YOUR ASSIGNMENT -
Your answer must be the lines of the material below, exactly as written, from its first line through the line with "A diverse group", and no pictures.

DATA SEGMENT -
-=-=-
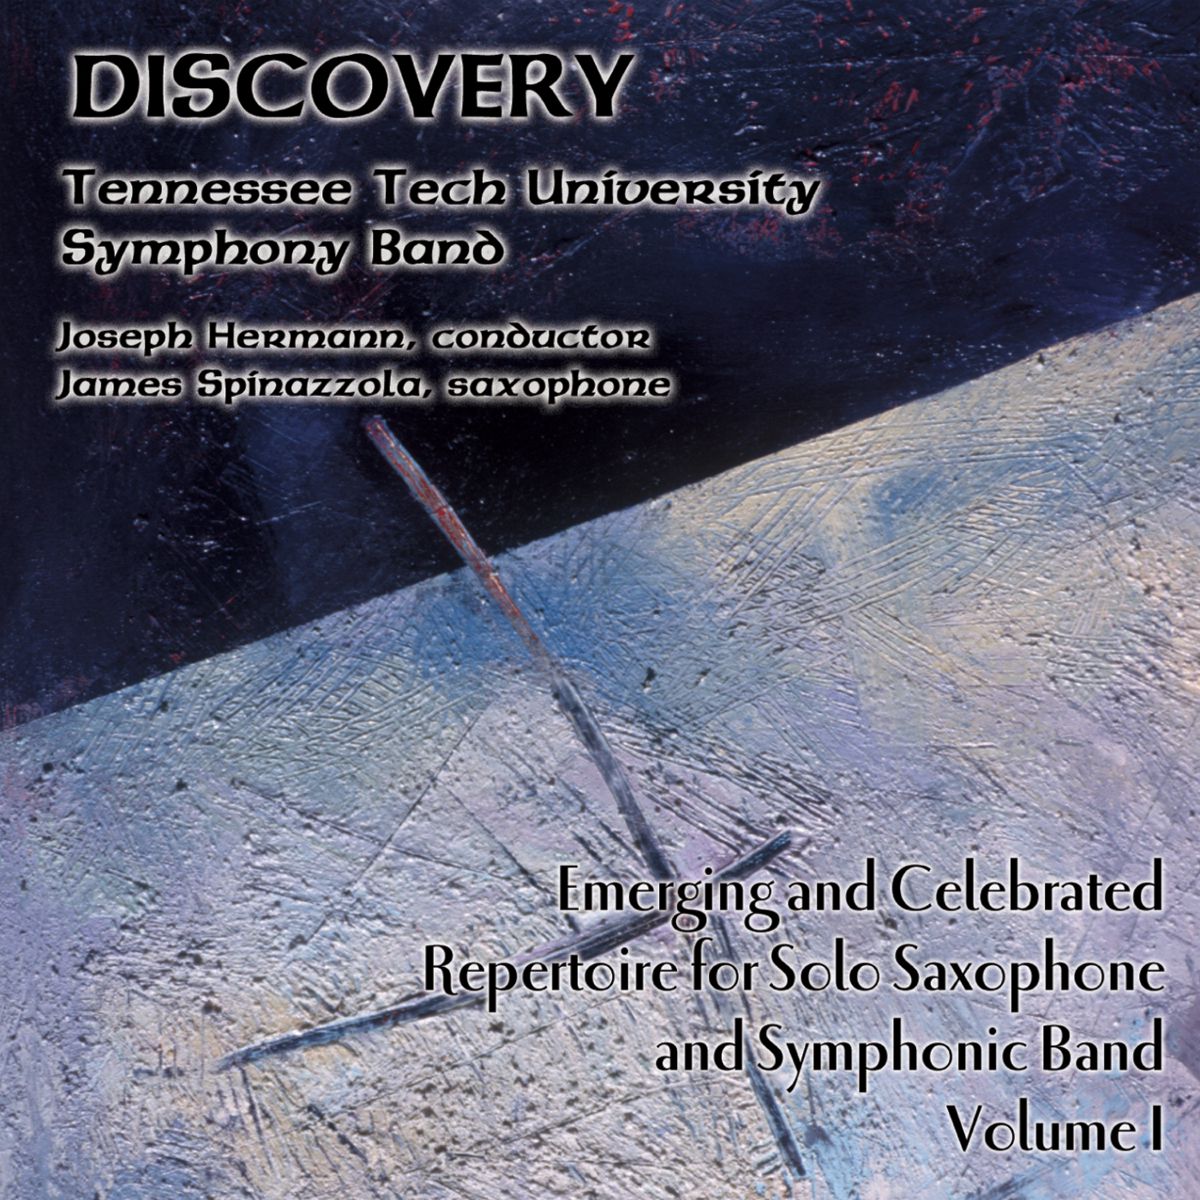 Discovery: Emerging and Celebrated Repertoire for Saxophone and Symphonic Band #1 - clicca qui
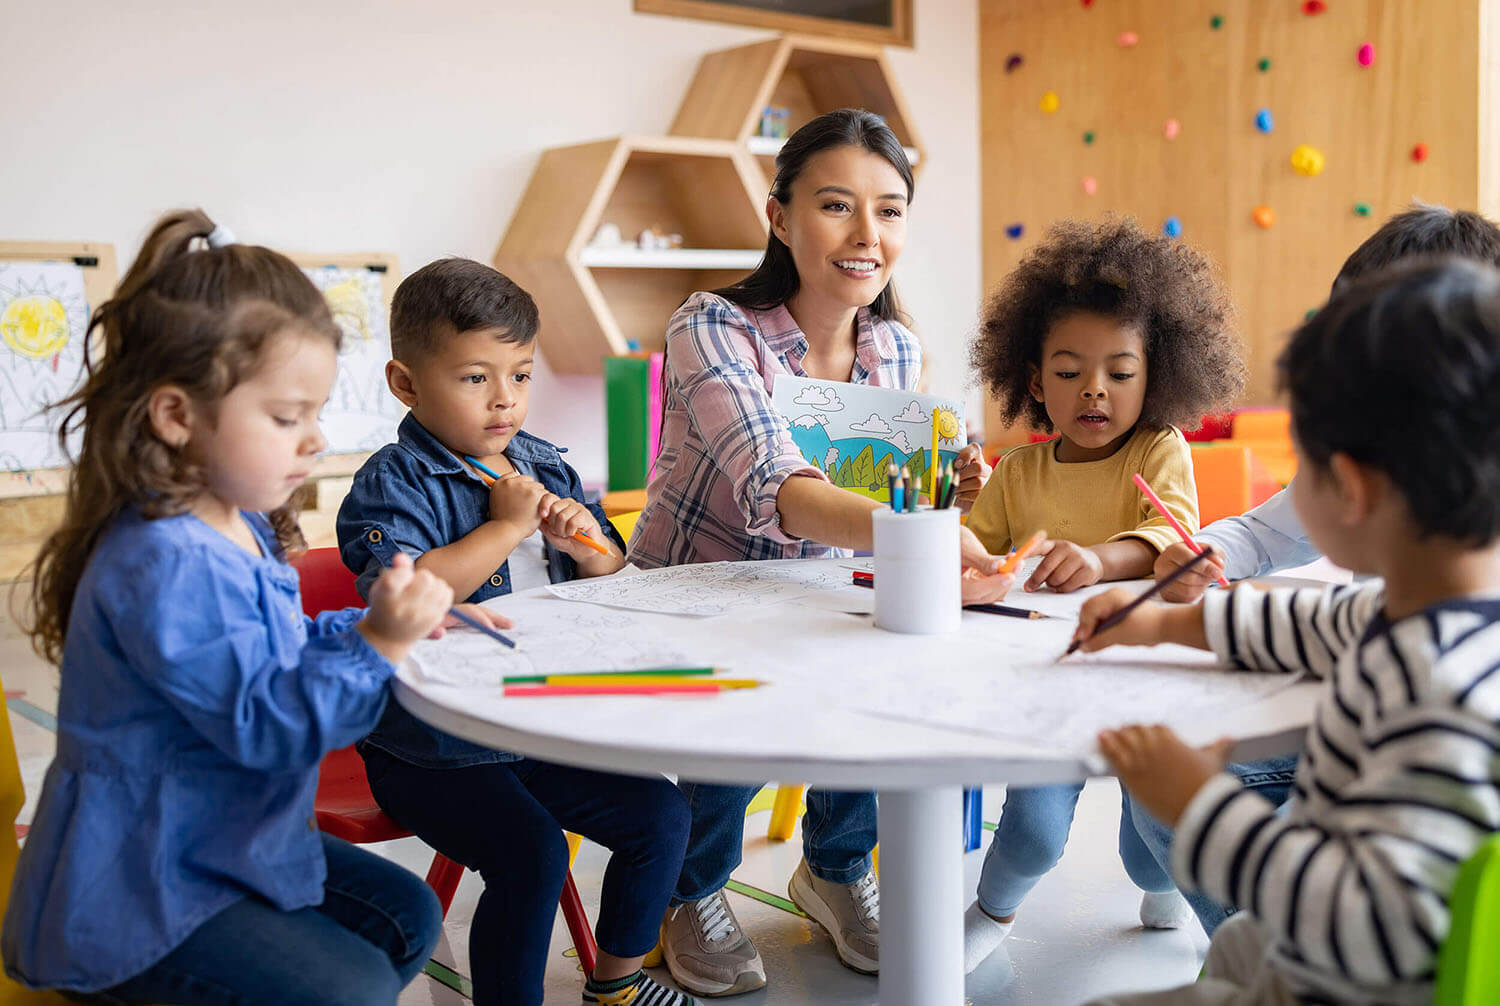 A diverse group of preschool children gather around a teacher as she reads a book in a safe and nurturing environment. Early childhood development and learning through play are encouraged.
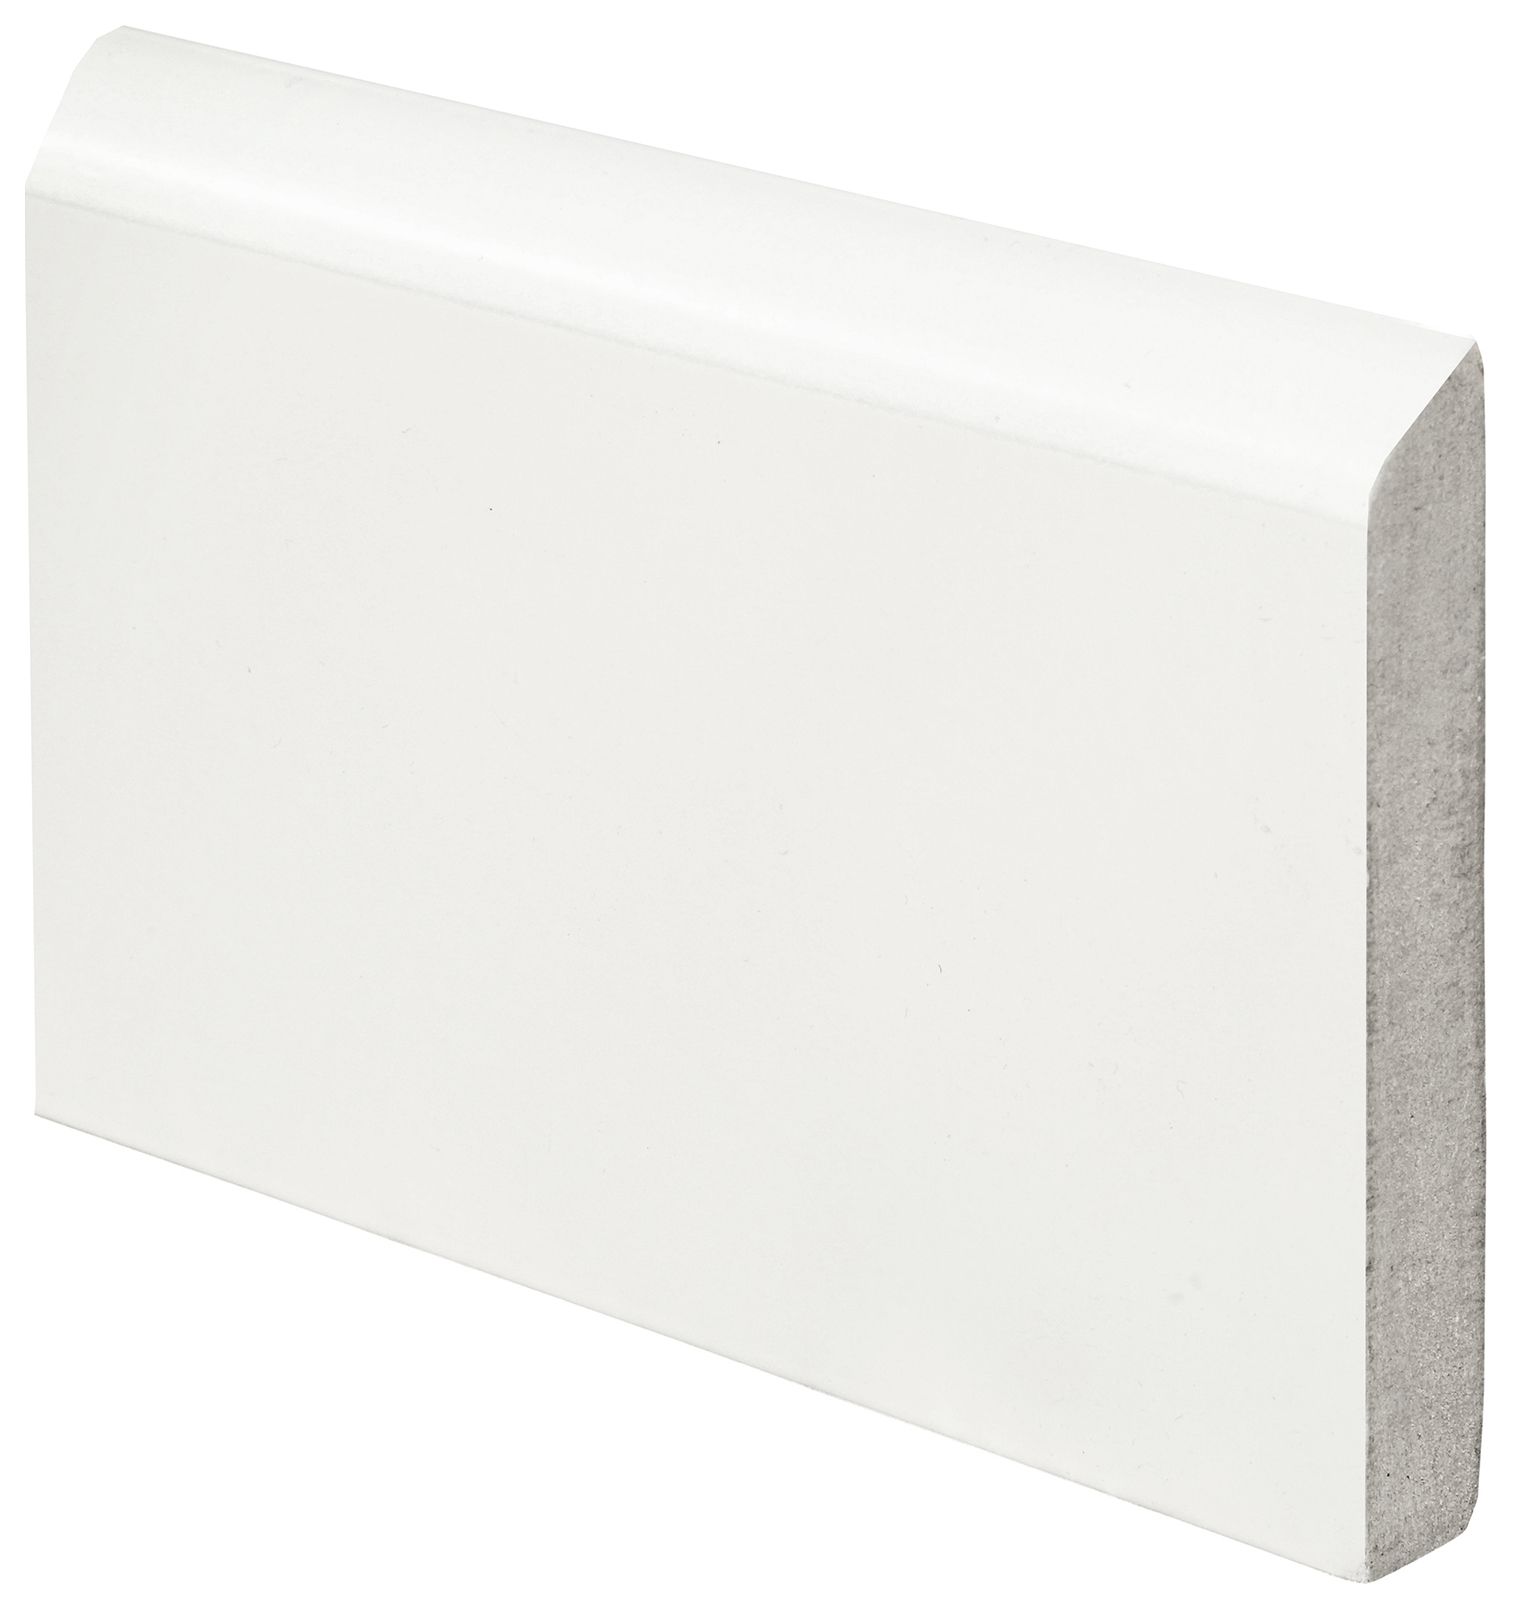 Image of Wickes Bullnose Fully Finished MDF Skirting 18 x 119 x 3660mm
-=-=-
SOLUTION BELOW -
 Discovery: Emerging and Celebrated Repertoire for Saxophone and Symphonic Band #1 - clicca qui
 A diverse group of preschool children gather around a teacher as she reads a book in a safe and nurturing environment. Early childhood development and learning through play are encouraged.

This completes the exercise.